Let's try dropping gro.
> g4 <- lm(sav~p75) # fit the model only with p75
> summary(g4, cor=T) # take a look of the fitted model
Call:
lm(formula = sav ~ p75)
Residuals:
Min 1Q Median 3Q Max
-9.26566 -3.22947 0.05428 2.33359 11.84979
Coefficients:
Estimate Std. Error t value Pr(>|t|)
(Intercept) 7.1517 1.2475 5.733 6.4e-07 ***
p75 1.0987 0.4753 2.312 0.0251 *
---
Signif. codes: 0 '***' 0.001 '**' 0.01 '*' 0.05 '.' 0.1 ' ' 1
Residual standard error: 4.294 on 48 degrees of freedom
Multiple R-Squared: 0.1002, Adjusted R-squared: 0.08144
F-statistic: 5.344 on 1 and 48 DF, p-value: 0.02513
Correlation of Coefficients:
(Intercept)
p75 -0.87
Notice that the coefficient estimate and p-value do not change much when compared to model g3. Q: Why?
It is because the low correlation between p75 and gro and the two models have similar σ-hat.
Let's compare the coefficient estimates and p-values for p75 throughout.
model | estimates | sign | significant? |
g1 | -1.6915757 | - | no |
g2 | 0.9527173 | + | no |
g3 | 1.0726 | + | yes |
g4 | 1.0987 | + | yes |
We see that
the significance and the direction of the effect of p75 change according to what other variables are also included in the model.
no simple conclusion about the effect of p75 is possible.
We must find interpretations for a variety of models.
We certainly will not be able to make any strong causal conclusions.
Notice that
Prediction is more stable than parameter estimation.

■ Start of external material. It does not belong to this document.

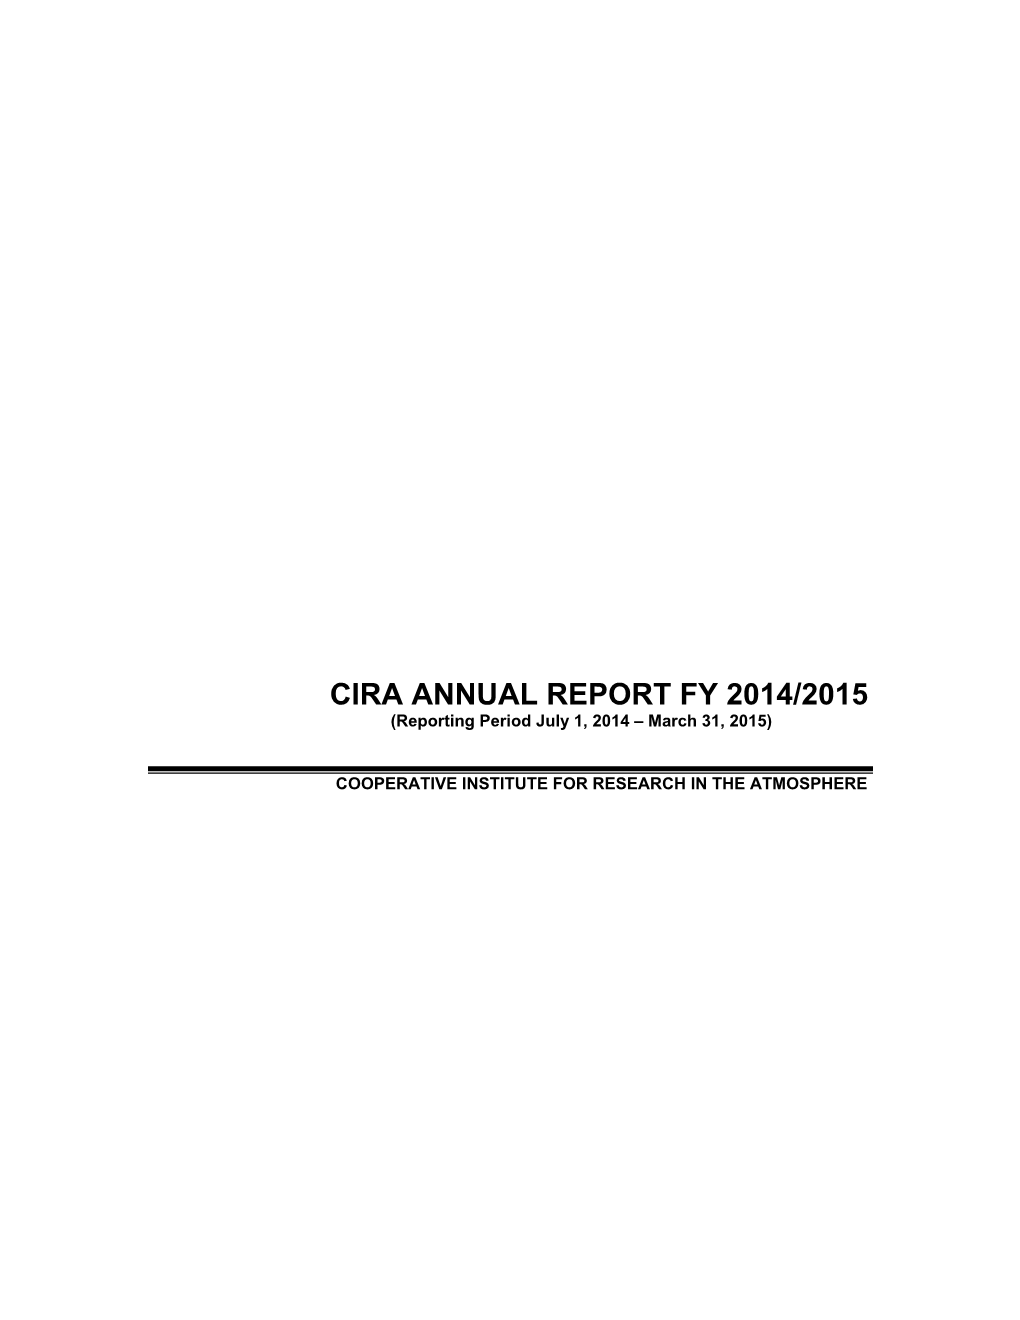 CIRA ANNUAL REPORT FY 2014/2015 (Reporting Period July 1, 2014 – March 31, 2015)
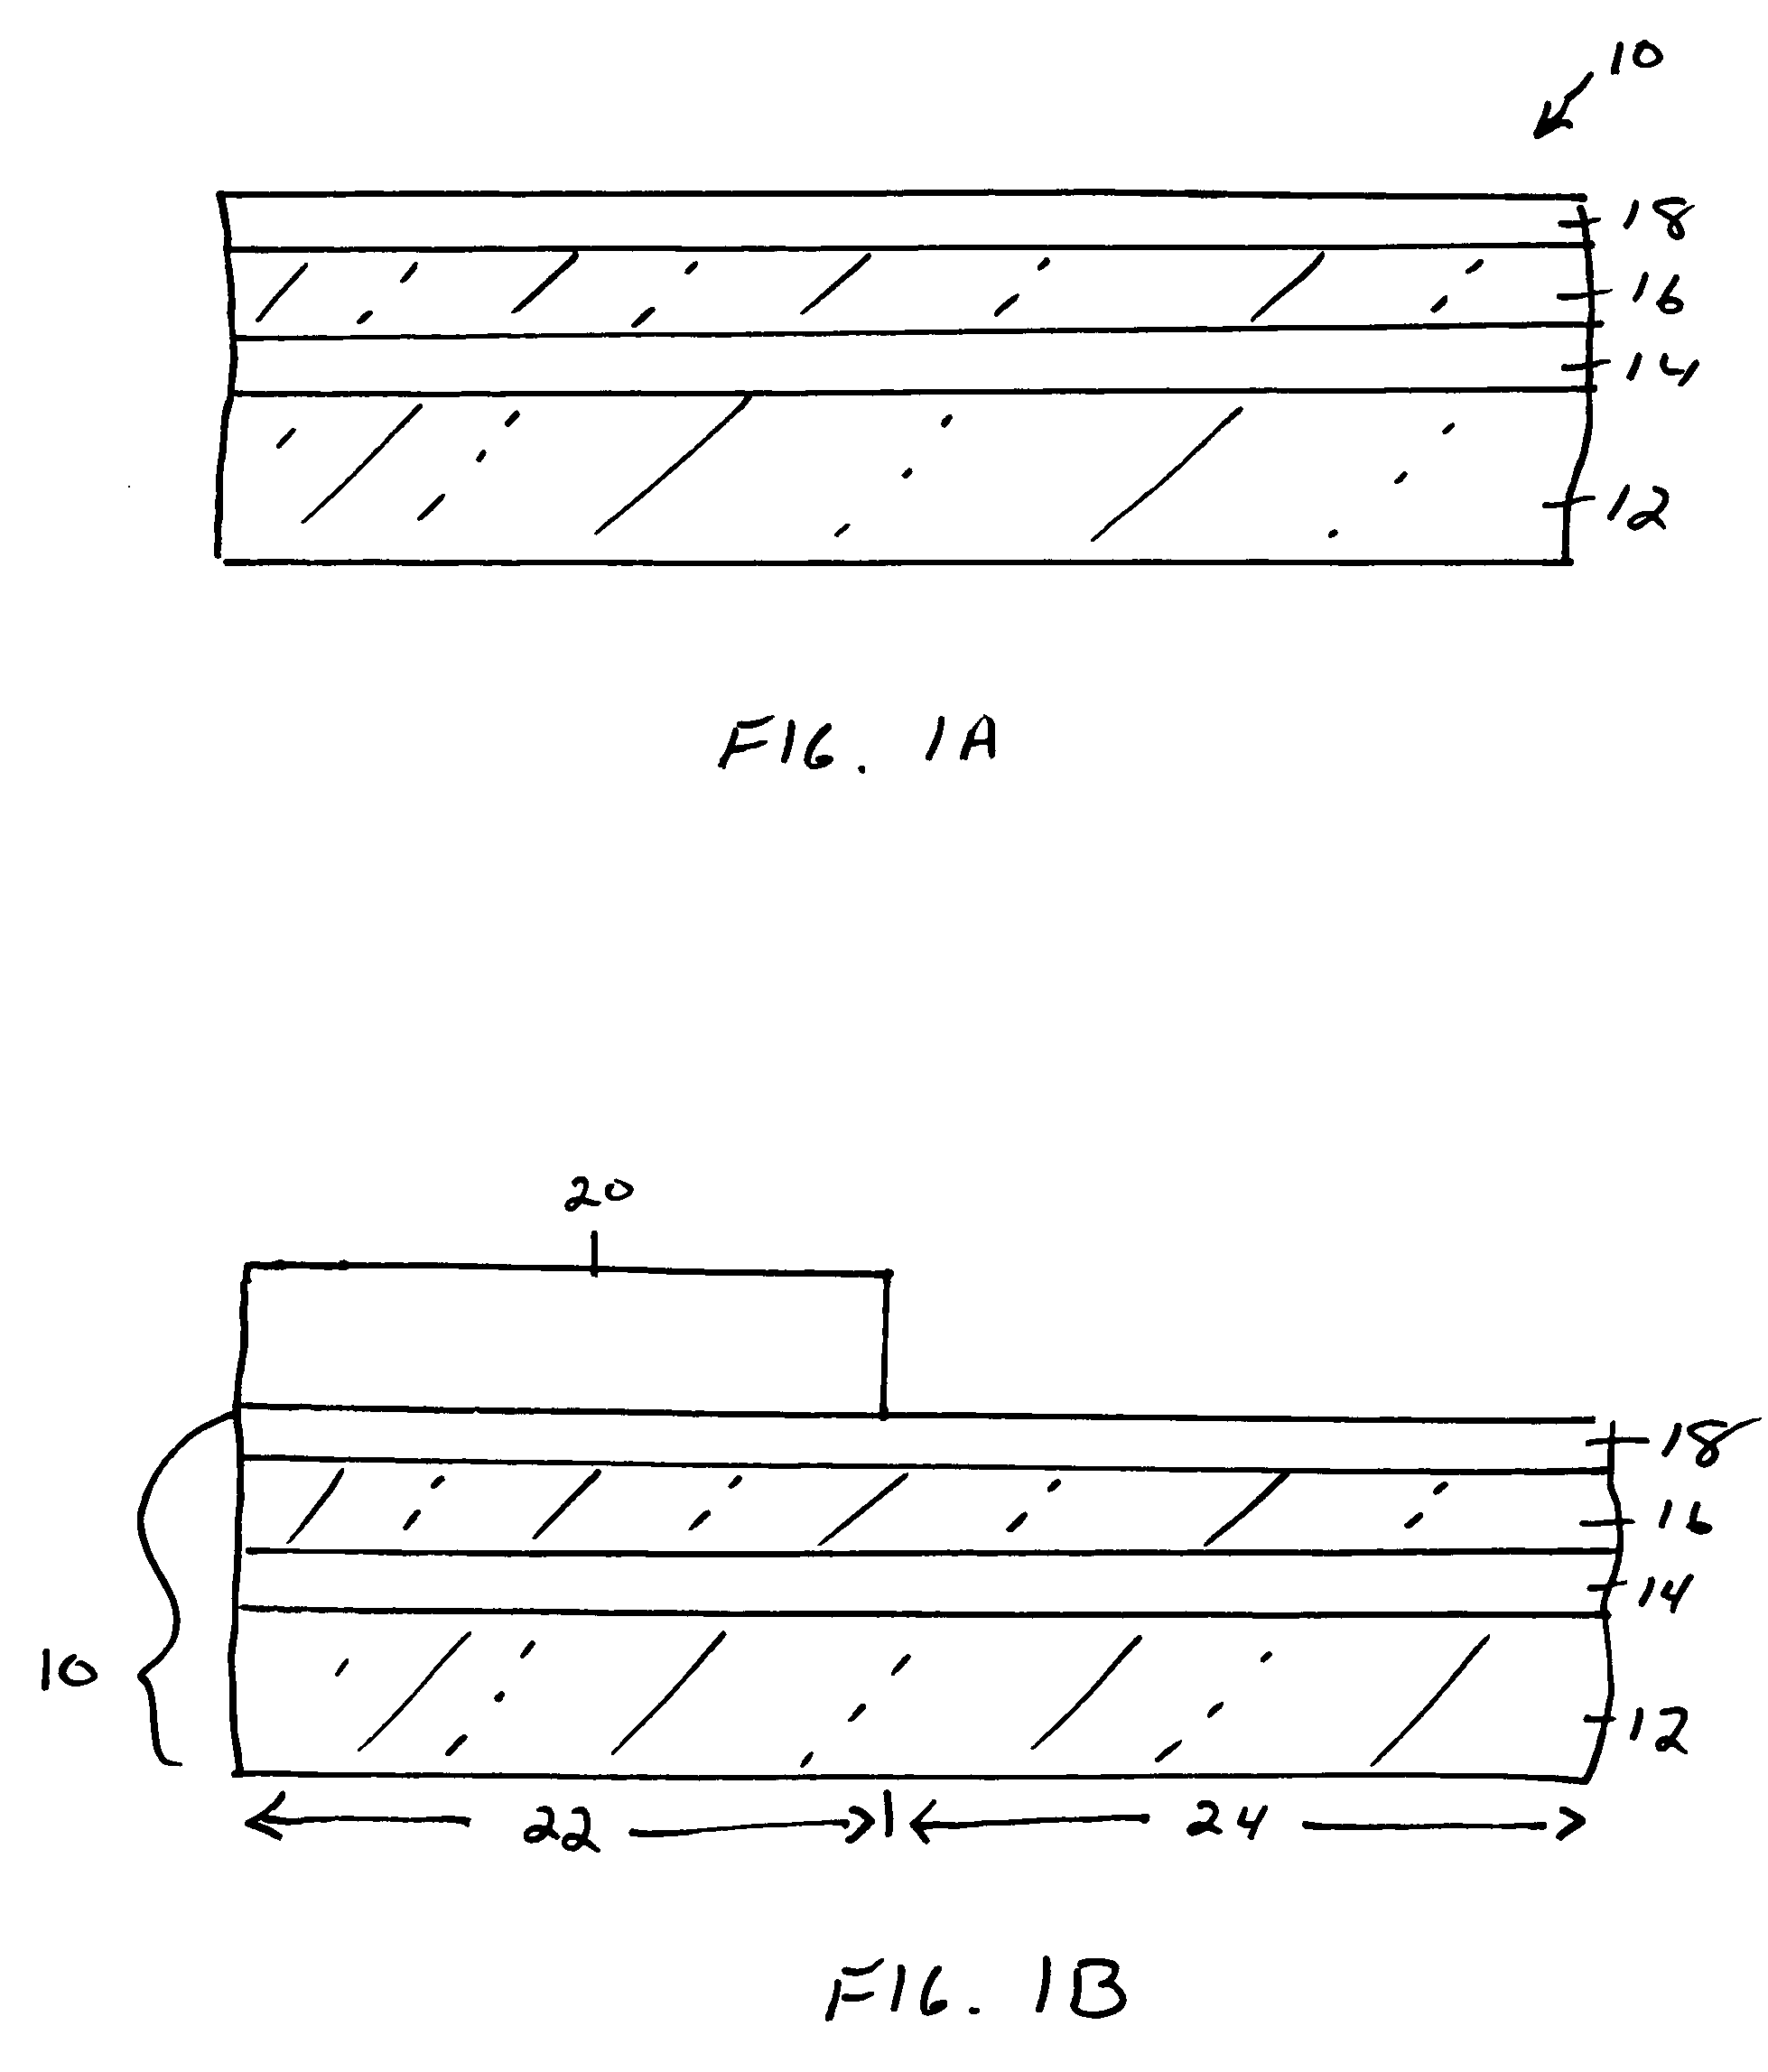 Structure and method of fabricating a hybrid substrate for high-performance hybrid-orientation silicon-on-insulator CMOS devices

Consider a prediction made using each of the four models above:
> x0 <- data.frame(p15=32, p75=3, inc=700,
gro=3) # assign values for prediction
> predict(g1,x0,interval="prediction"); predict(g2,x0,interval="prediction"); predict(g3,x0,interval="prediction");
predict(g4,x0,interval="prediction")
# calculate predicted values and
confidence intervals using the four models
fit lwr upr
[1,] 9.726689 1.795553 17.65782
fit lwr upr
[1,] 9.905299 1.225853 18.58475
fit lwr upr
[1,] 10.07808 1.672549 18.48361
fit lwr upr
[1,] 10.44777 1.701873 19.19366
We can see
these values do not change much.
when the objective of a regression analysis is only for prediction, the choice of fitted models is less of a concern.
Of course, the robustness depends on the values of x0.
When x0 is located near the "center" of observed data, the prediction is more robust to the choice of fitted models.
On the other hand, if x0 is an extrapolation, the results could be quite different.